OP, you wrote that you have ms. Your health insurance provider in the US is likely to regard that as a pre-existing condition and on those grounds refuse to pay for any of your treatment. It is imperative that, before you move to the US, you discuss this, not with your DH's HR people, but directly with the insurance provider. And get the results of the discussion in writing.

MrsKoala Tue 22-Jan-13 12:00:48

that's another reason to move. his commuting/travel costs are costing £600 per month and we rent a car for £500 per month as ours died the week before xmas.

when we move he will be a walk to work and the company will rent us a car.

MrsKoala Tue 22-Jan-13 11:57:54

we have stopped the shares completely this month as my MA stops so we will need the money. after all our considerable outgoings we are only left with £600 per month now - even when he stops the shares. so any more than £50 is taking us close to the edge, and we wont be saving anything either.

shewhowines Tue 22-Jan-13 11:45:14

TBH i seem to be a lone voice here with some sympathy for your DH.

He has not frittered away savings as such. He has moved your savings into shares - albeit monthly rather than in one go.

He may have even done you a favour, in that now everything is invested and tied up, he will have to be more open to budgeting.

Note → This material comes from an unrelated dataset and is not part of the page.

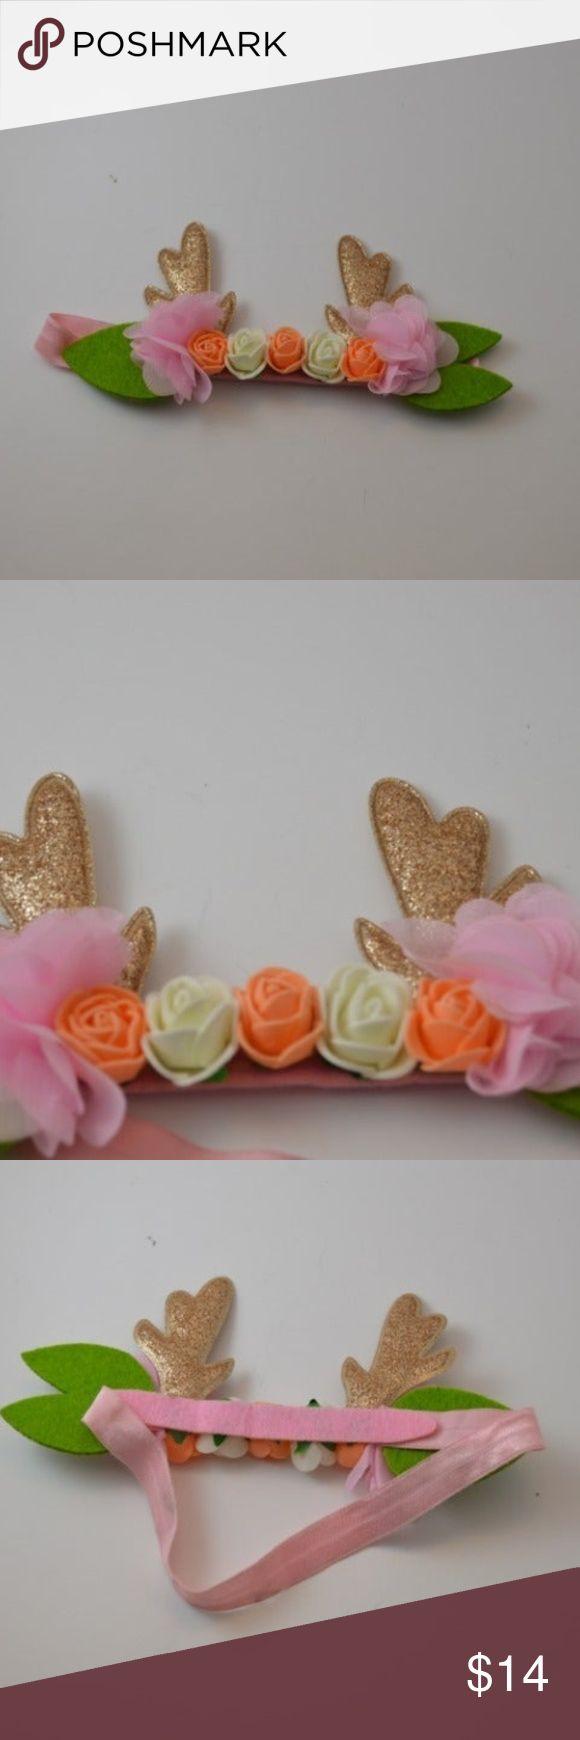 Baby Girl Floral Antler Headband In 2020 Baby Girl

However, despite the fact that he spends, what most of us would think of as unreasonable, amounts of money on fripparies, he and you CAN afford it. He has not got you into debt. You still have savings although in another format. Just because you don't prioritise snacks/coffees etc, it doesn't mean that he shouldn't see that as important. Of course that doesn't mean you should go without either.

With no money from savings to subsidise the shares, you now need to work out together, where to go from now on.

If he still wants to buy shares then he will need to budget and reduce his spending. It may mean you can't sustain the £850 per month - even if he does budget. But with budgeting you can buy more shares.

You don't need to save that amount per month. It looks to me that you could still buy a reduced amount of shares whilst still budgeting for his current level of spend on snacks/meals etc. It is NBU of him to wish to do this otherwise in his words "what's the point of working?"

You need to take into account your own financial needs and work that into how you progress from here. You shouldn't need to be ordering the cheapest main and drinking water either.

You are in a very privileged position to be able to have savings of any sort. He hasn't frittered them away, he has transferred them.

Now you have to work out how many shares you can afford whilst allowing him to spend what he wants and letting you have some money for yourself too.

I think YABU to make him stick to a budget of £50.
Decide together if you want to buy shares or have money to spend on whatever you both want. You need to decide together how you allocate your disposable income. He can afford his current lifestyle but will have to give up buying some shares each month.

MrsKoala Tue 22-Jan-13 11:25:15

well we are no where near bankruptcy. but thanks anyway. i'm not sure what their policy is tho. i will ask him.

Gigondas Tue 22-Jan-13 11:07:02

The point about bankruptcy is more clear cut than bribery- in some jobs it is a sackable offence.

MrsKoala Tue 22-Jan-13 11:00:20

Oh and he doesn't use it as an excuse - he denies he is any different to anyone else. It's others who have noticed his traits and mentioned it. He would hate to be thought of different. He already suffers because of his dyslexia. This is part of the problem, rather than admitting he doesn't understand bills he just keeps paying. Like never checking in a restaurant - because he has no idea whet the rough estimate of the bill should be.

MrsKoala Tue 22-Jan-13 10:57:19

x posts

Molly - i do do that when possible and i bought him a posh modo coffee thing which stinks the kitchen out

But i do get on my high horse and say why should i, you are a grown man etc.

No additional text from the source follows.